Assuming that you have Pearson's correlation coefficients from a sample, then you can construct a confidence interval for their difference based on the general formula for a confidence interval of a normally distributed variable:

$$ CI = X \pm Z_{(1-\alpha/2)} SE $$

where $X$ is the point estimate of the statistic of interest (which in your case will be the difference in the sample correlations), $\alpha$ is the confidence level, $Z_{(1-\alpha/2)}$ is the $(1-\alpha/2)$ percentile of the normal distribution and $SE$ is the standard error of the statistic of interest.

If this interval contains zero then you can conclude that there is no statistically significant difference, at the $\alpha\%$ level, between the two correlations.

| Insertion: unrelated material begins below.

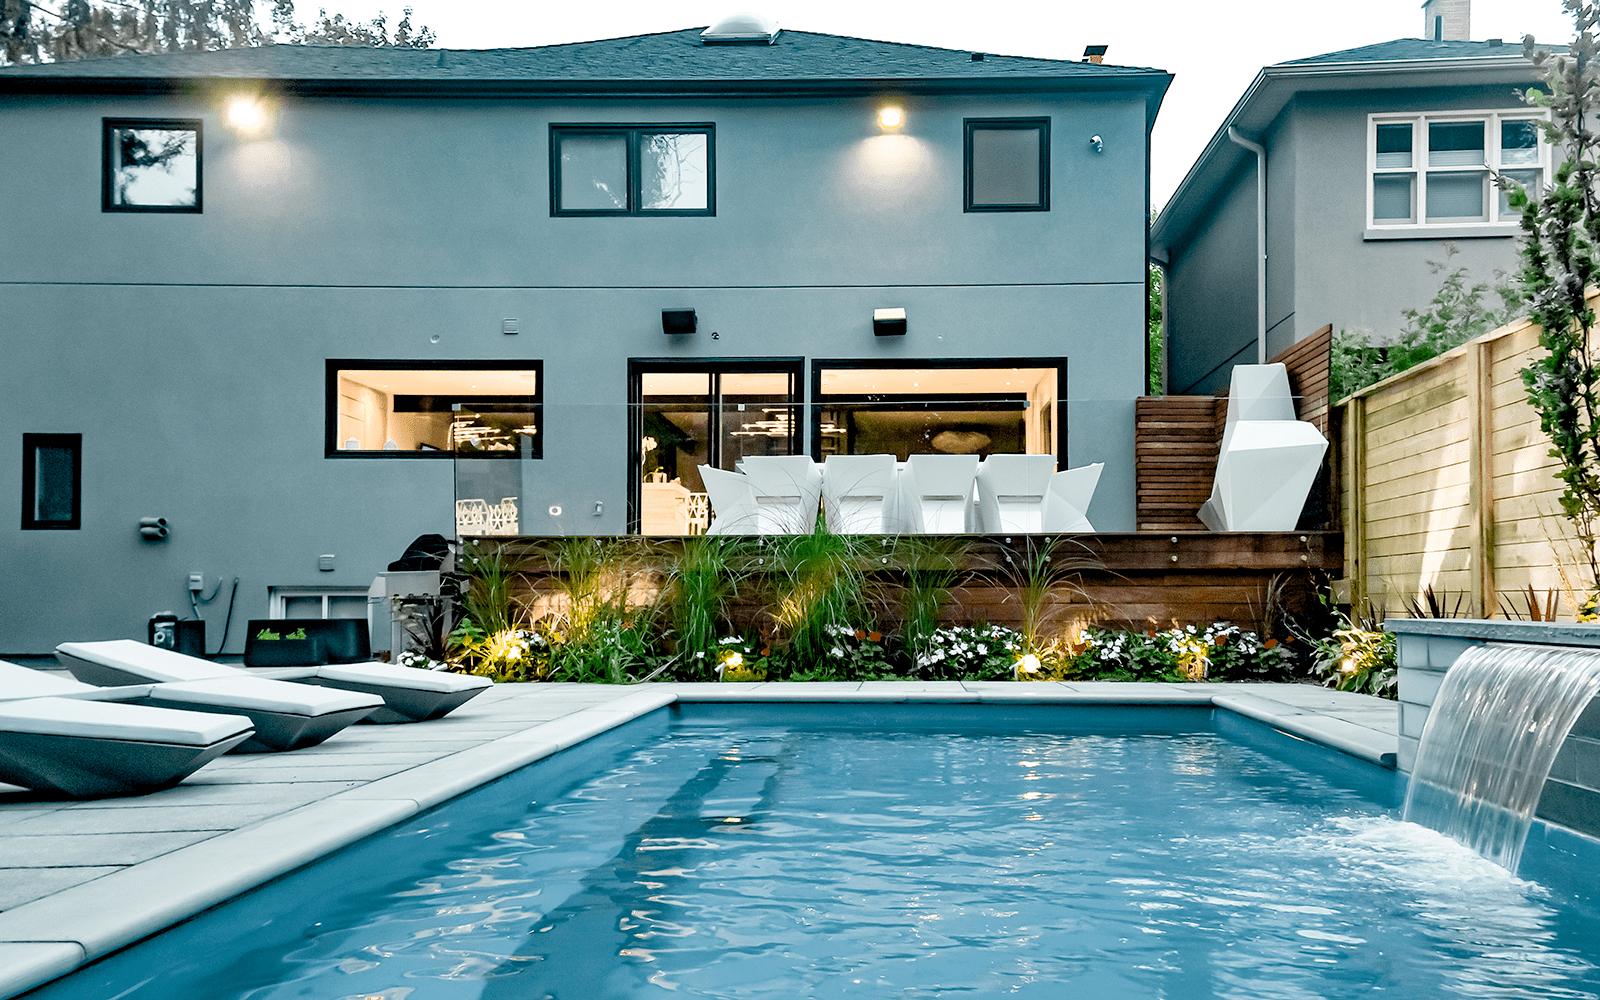 Sekler Residence, Complete Toronto Backyard Landscape Design Project with Fiberglass Pool Installation and Water Feature, Interlocking, Cedar Fence, Composite Decking, Frameless Glass Railings & Interlocking by Toronto Landscaping Company.

In other words, putting it simply, it is plausible that the actual difference between the two correlations is zero.

If the confidence interval does not contain zero then you can conclude that they are statistically significant, at the $\alpha\%$ level. Whether this difference is meaningful in a clinical/practical sense is a subjective question that depends on context and can't really be answered statistically.

Since correlations are bound in the interval $[-1,1]$ and their sampling distribution is not normal, they must be transformed first. This can be achieved using the inverse hyperbolic tangent (atanh) otherwise known as Fisher's Z transform:

$$ Z_1 = \text{atanh}(r) = \frac{1}{2} \ln(\frac{1+r_1}{1-r_1}) $$ $$ Z_2 = \text{atanh}(r) = \frac{1}{2} \ln(\frac{1+r_2}{1-r_2}) $$

where $r_1$ and $r_2$ are your sample correlation coefficients.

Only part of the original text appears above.